11 responses to “You’ll have to forgive me, I’m highly confused

  1. My thoughts on them: They’re both assholes, but at least Charlie is an asshole without the power to go around killing people with impunity. That I know of.

  2. Two jerks the world doesn’t really need. If I were paid 1.8 million per episode, I’d thank my lucky stars, put away for a rainy day, find some ways to give back that were genuine, try to be an example for my kids and try to enjoy life without sticking anything up my nose or in my arm, swilling booze, brawling or having public quarrels over things best kept private.

    I really enjoy Martin Sheen. Charlie? Not so much.

  3. 2.5 Men is a mildly amusing diversion. To think that anyone would get paid even a mere 1.8M pesos for this 25 minutes of predictable pap suggests that the world is mad. Or that I am just getting to be as curmudgeonly as Ian.
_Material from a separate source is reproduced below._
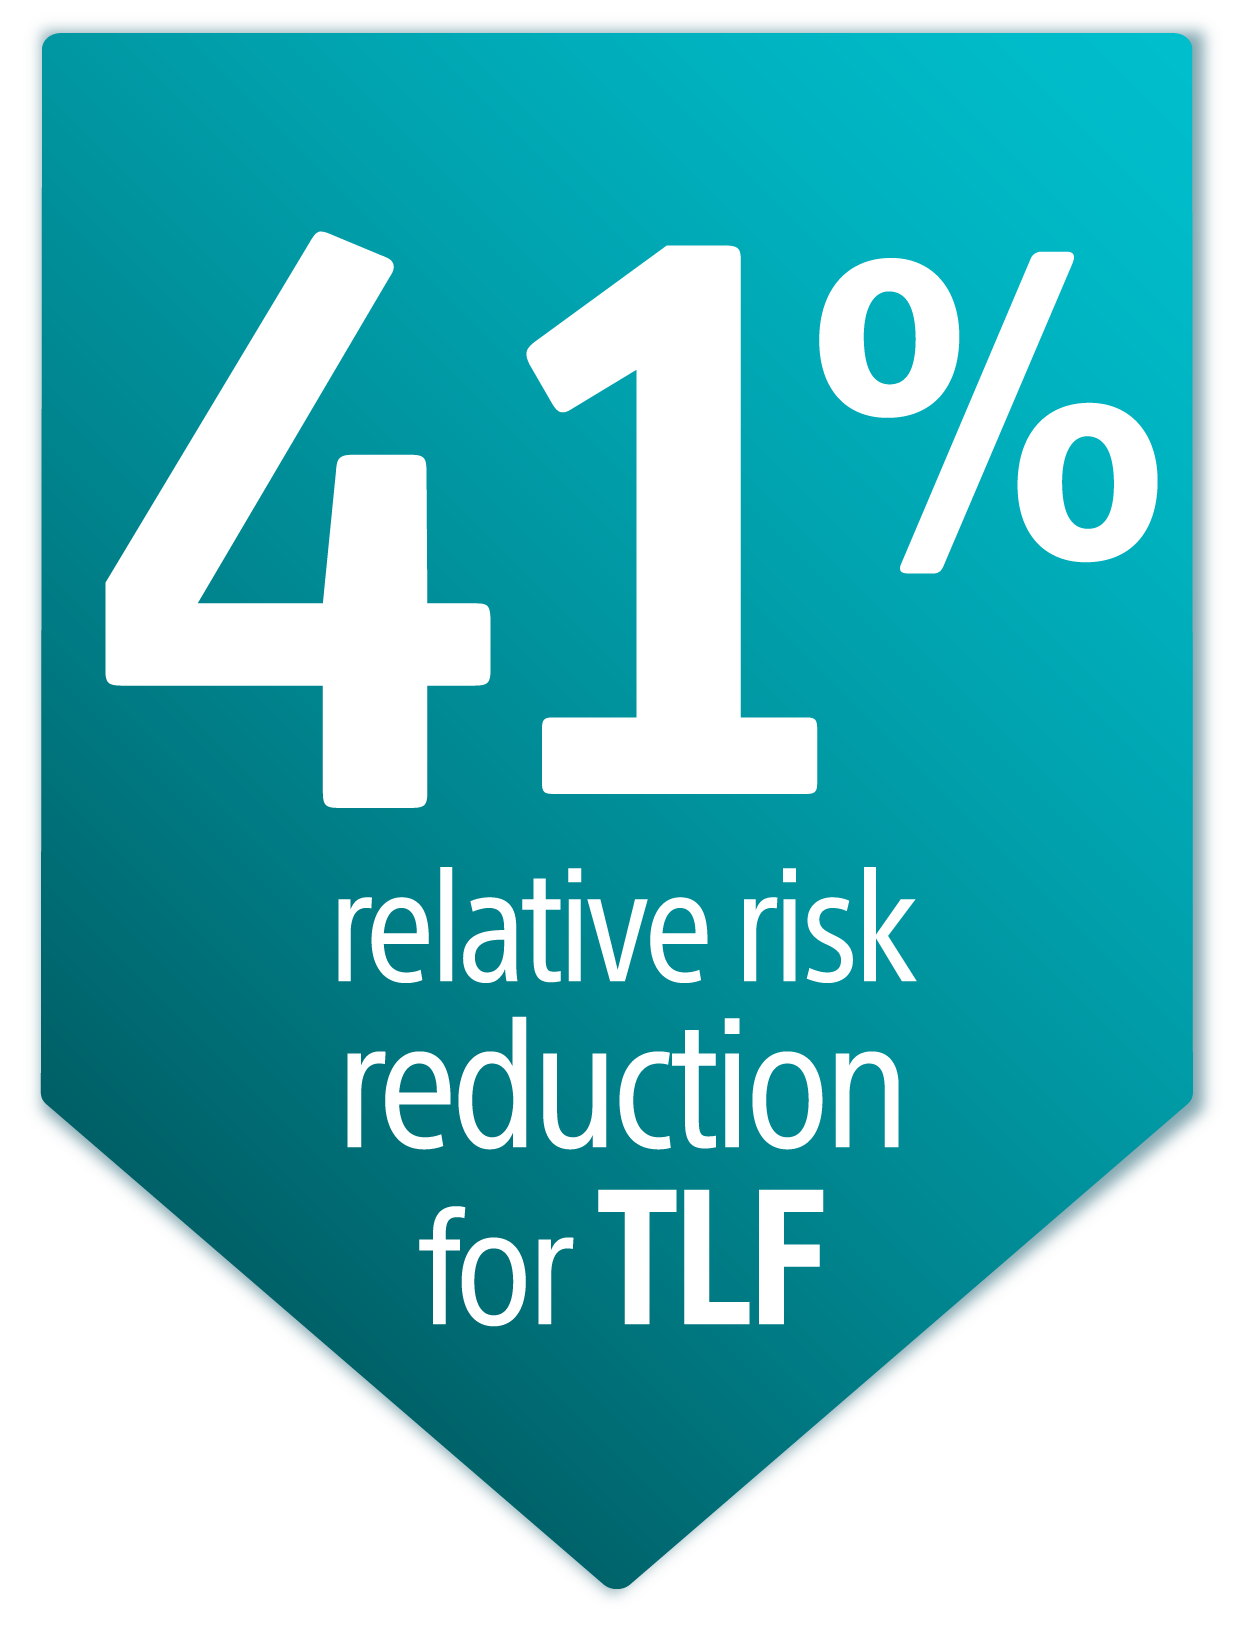 41% relative risk reduction for TLF

    Your other character, on the other hand, is a raving lunatic who is only in power because we, along with the rest of the western world, have swallowed our civilized morals and worshiped the god of Oil. Lockerbie – and we still supported him? Or am I missing something?
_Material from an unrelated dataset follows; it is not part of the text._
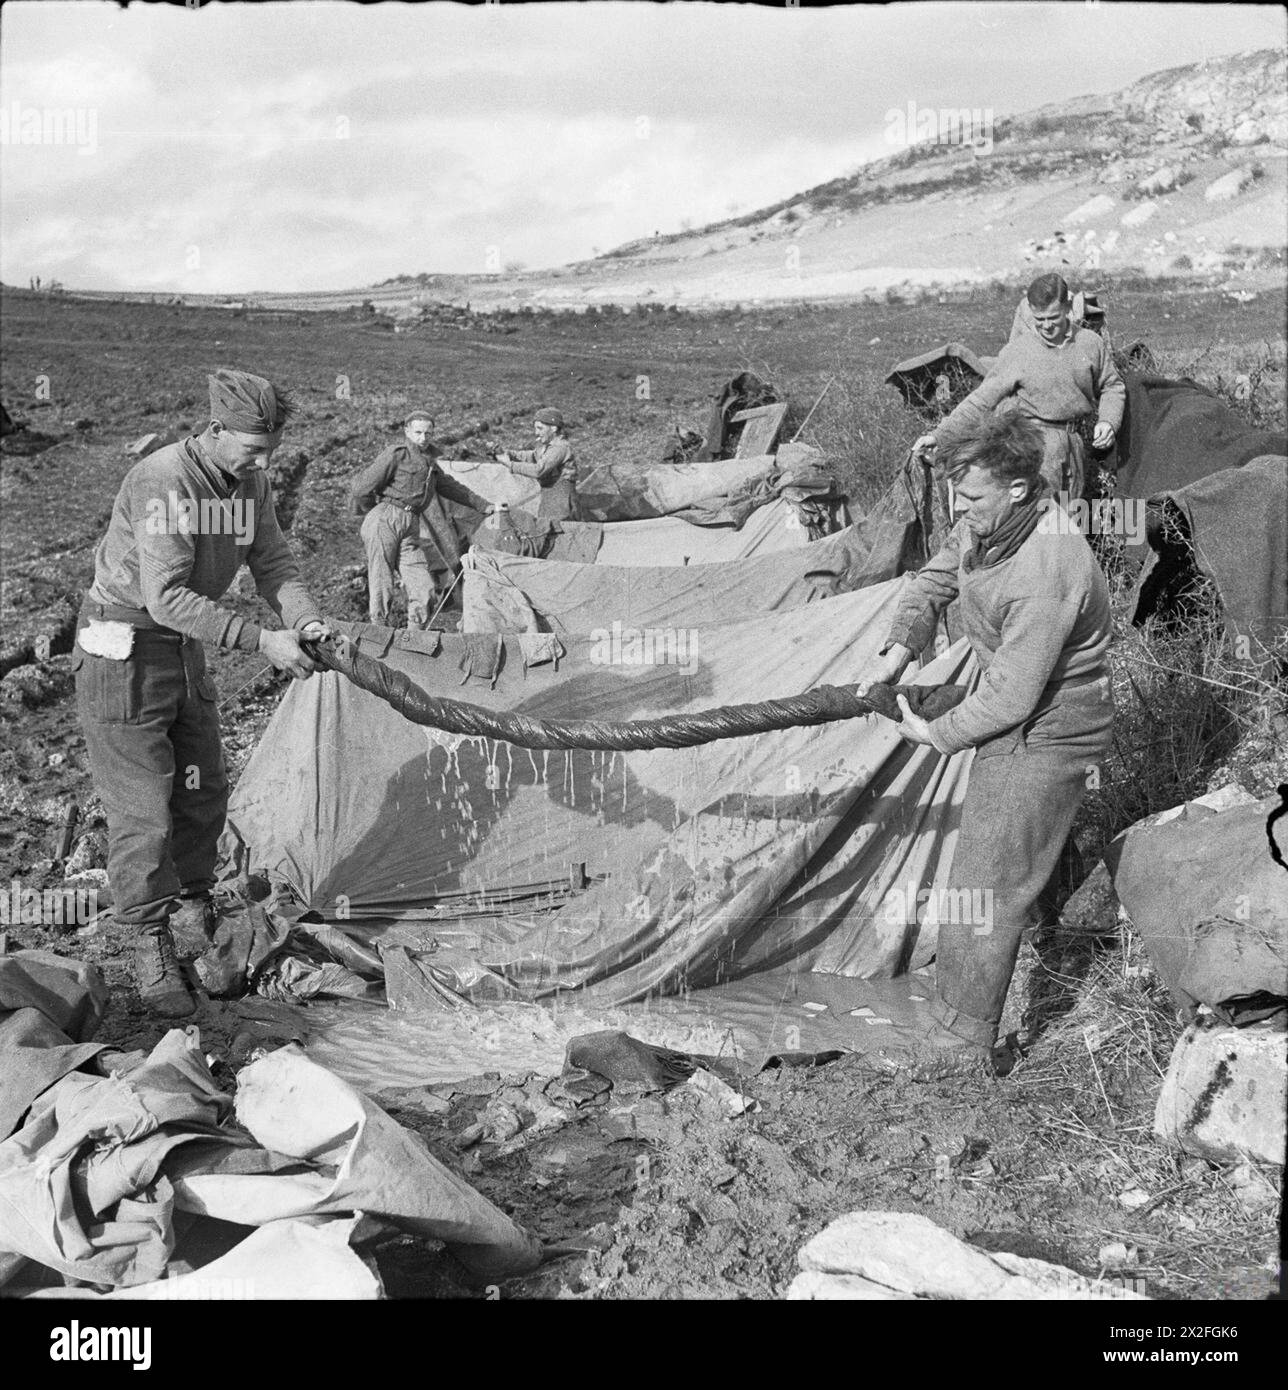 THE CAMPAIGN IN ITALY, SEPTEMBER-DECEMBER 1943: THE ALLIED ADVANCE TO THE GUSTAV LINE - Monte Camino November - December 1943: Two artillerymen (Sergeant J Hamilton and Gunner H Tennant) wringing water out of a blanket at their flooded bivouac on Monte Camino British Army, Royal Artillery Stock Photo

  4. You hit the nail on the head in both cases – I actually kinda feel sorry that neither one knows how much of a jerk he really is….but you know they must be um…dysfunctional – yeah that’s it – dysfunctional…NOT! They are plain…what did Jazz say? Oh yeah…assholes.

  5. I think Robert Downey is a good guy, and far more talented than Charlie Sheen, despite Sheen’s ability to bring a little bit of Libya to the American people. We are under siege from assholes, and it wouldn’t surprise me if Gadhaffi began to demand three million for every tirade.

  6. Thank you for the old chestnut about denial…cheered me up tremendously.

  7. You raise some really good points, Vic. And you are probably as curmudgeonly as I, which is why we get on so well.

  8. Talking of rants, dd you see this? Fun quiz though I’ve never heard of Glenn Beck.

    I saw Charlie Sheen on the Piers Morgan show and, although he’s acted like an utter wanker as regarding booze, drugs and prostitutes, at least he doesn’t deny what he is doing. But age will catch him out eventually, I imagine.

  9. Glenn Beck is a loudmouthed, self-styled pundit on American TV. Unfortunately he has a lot of followers. Pretty much the same ones who subscribe to the dubious charms of Ms. Palin.

  10. I thought that show had gotten pretty disgusting. I’m glad Sheen’s been called out. And I will never like him.

    Why is it you do so many good posts when I’m taking a computer break? I loved your last two.

  11. Geewits: Thank you so much for your compliment. Means a lot to me.